Wildlife Wednesday:  The Skippers

Spring brings butterflies back to the park, and the Skippers (family Hesperiidae) are one of the first groups to show up. These small butterflies are named for the fast darting manner in which they fly, as if they’re skipping around from flower to flower. There are over 3,500 spp. of skipper around the world, and a couple of dozen of those species are found in the Houston area. Many of the skippers look remarkably similar to each other, and can often be very difficult to identify. Many of the species are also rather drab, being various shades of brown, and can be misidentified as moths (but they are of course diurnal, and have the clubs at the tip of the antennae, which are indicative of butterflies).

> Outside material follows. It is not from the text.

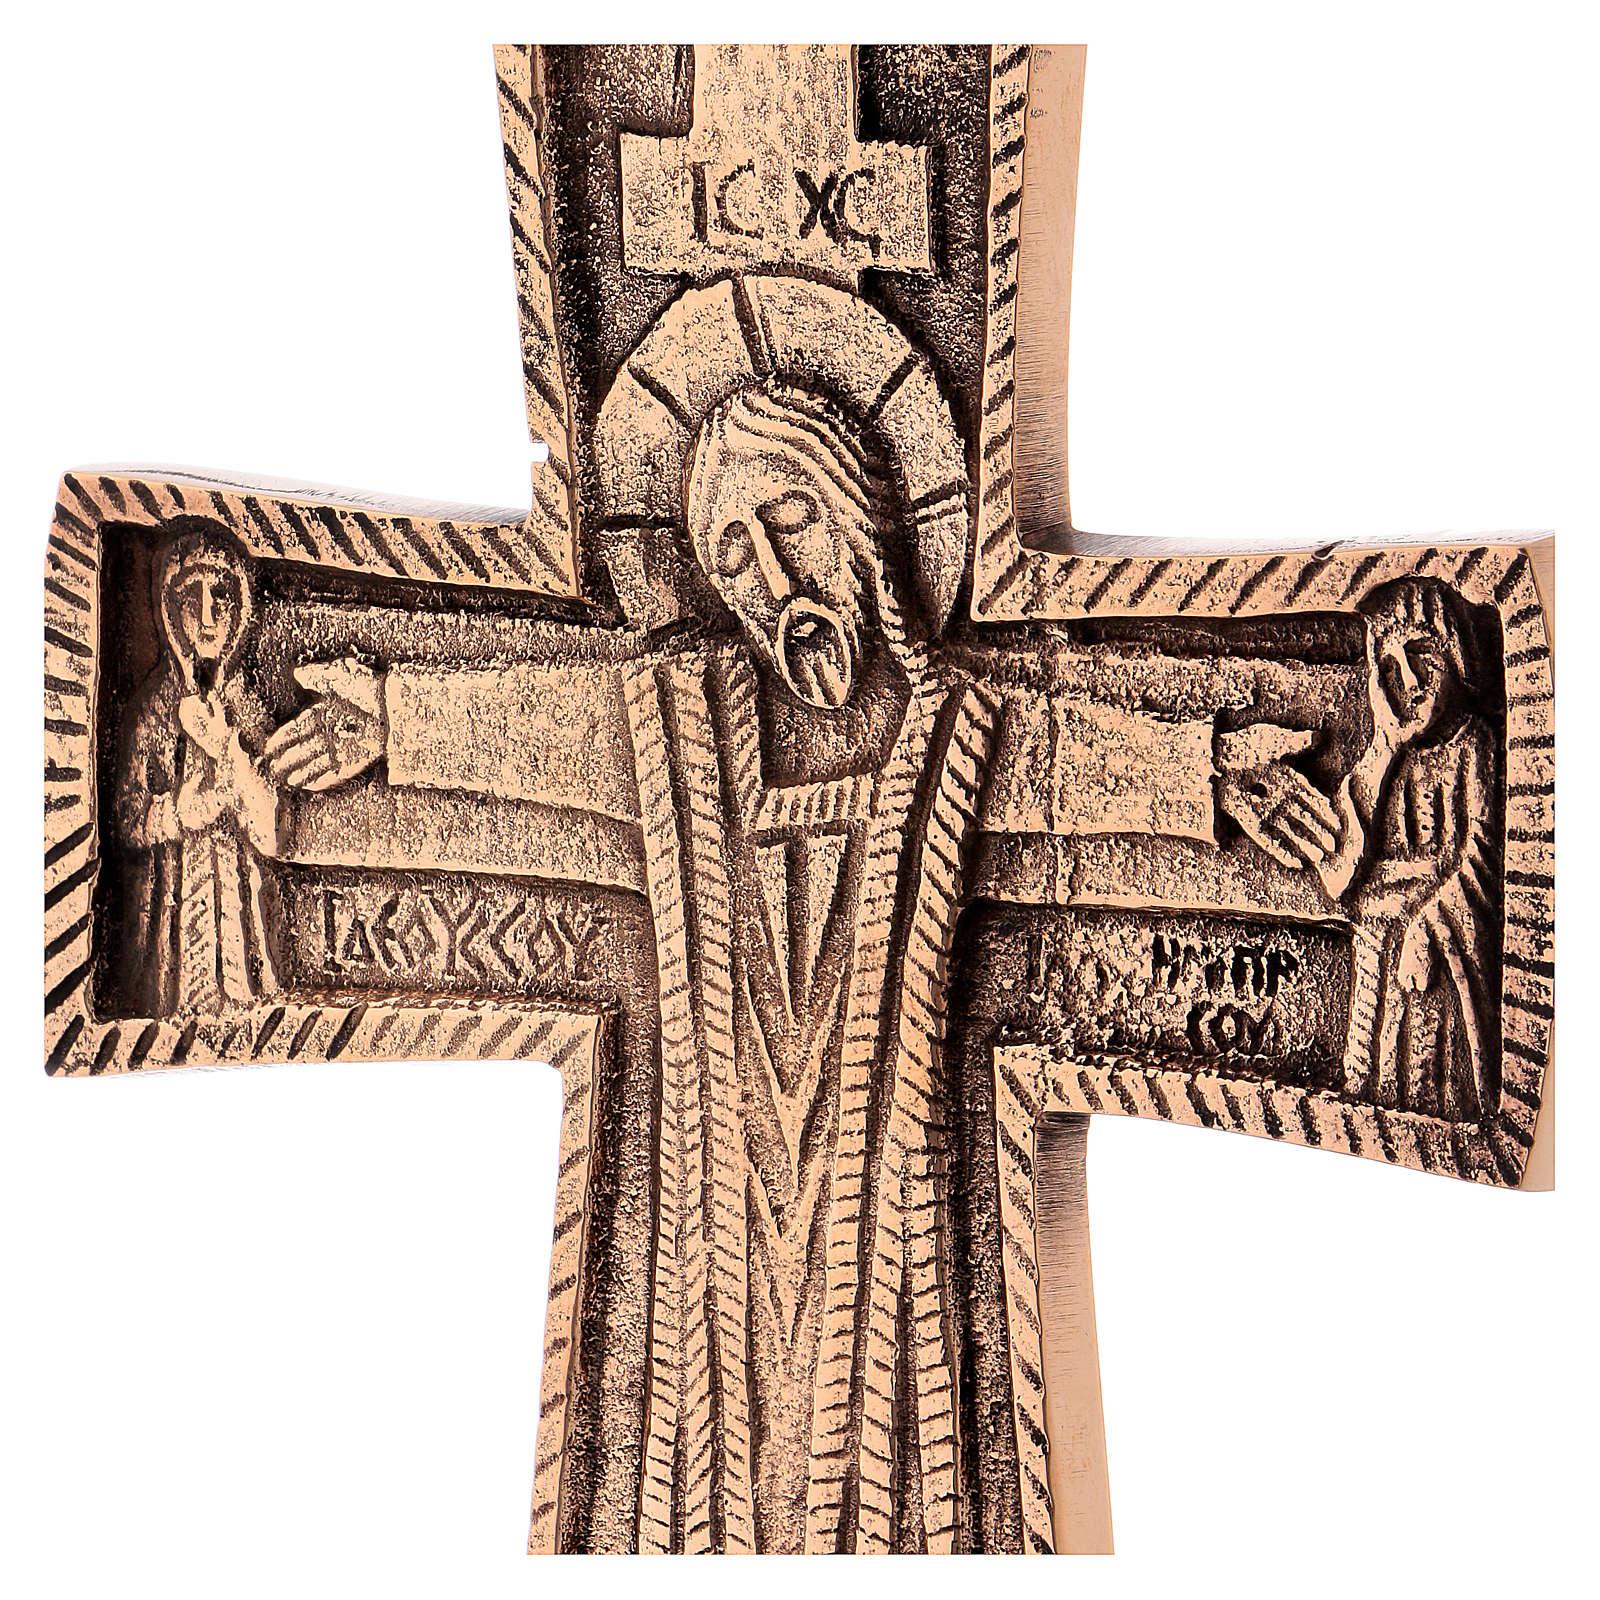 Cruz de altar Cristo Grand Pretre 28x19 cm Monjes de Belén 4

Here are a few of the skippers that are found here at the Nature Discovery Center:

Fiery Skippers (Hylephila phyleus) are one of the more common species found here, visiting our wildflower gardens, wildflowers on the front lawn, and the Pocket Prairie. The males are a bit showier, with bright orange and dark brown on the wings (pictured left and top), and the females are a light yellowy brown with brown spots. The tiny greenish caterpillars feed on a variety of grasses, including Bermuda grass and St. Augustine grass. You may notice that this skipper keeps its forewings and hindwings separated at a right angle, with the forewings held up, when it’s resting. This is a small butterfly, measuring only about 1 in long.

 

The White Checkered Skipper (Pyrgus albescens) is easy to tell apart from most other skippers with its white and dark gray/black checkered pattern. There is however, another checkered skipper that is very similar to this species, the Tropical Checkered Skipper, which is also found in our area. They visit a wide variety of small flowers close to the ground, and their caterpillars feed on a variety of small mallow/hibiscus species, like Sida. They may attain a wingspan of up to 3.8 cm in width.

 

Juvenal’s Duskywing (Erynnis juvenalis) is one of 2 species of Duskywing (dark colored skippers that keep their wings open and flattened when on a perch), found in our park. The other is the very similar Horace’s Duskywing, though there are many other species of Duskywing across the country. The caterpillars of these skippers feed on oak leaves. They are similar in size to the Checkered skippers, ~3.8 cm wingspan. Duskywings can make themselves rather conspicuous with their darting, climbing, and diving flight patterns, and their habit of sunning out in flat open meadows in plain sight.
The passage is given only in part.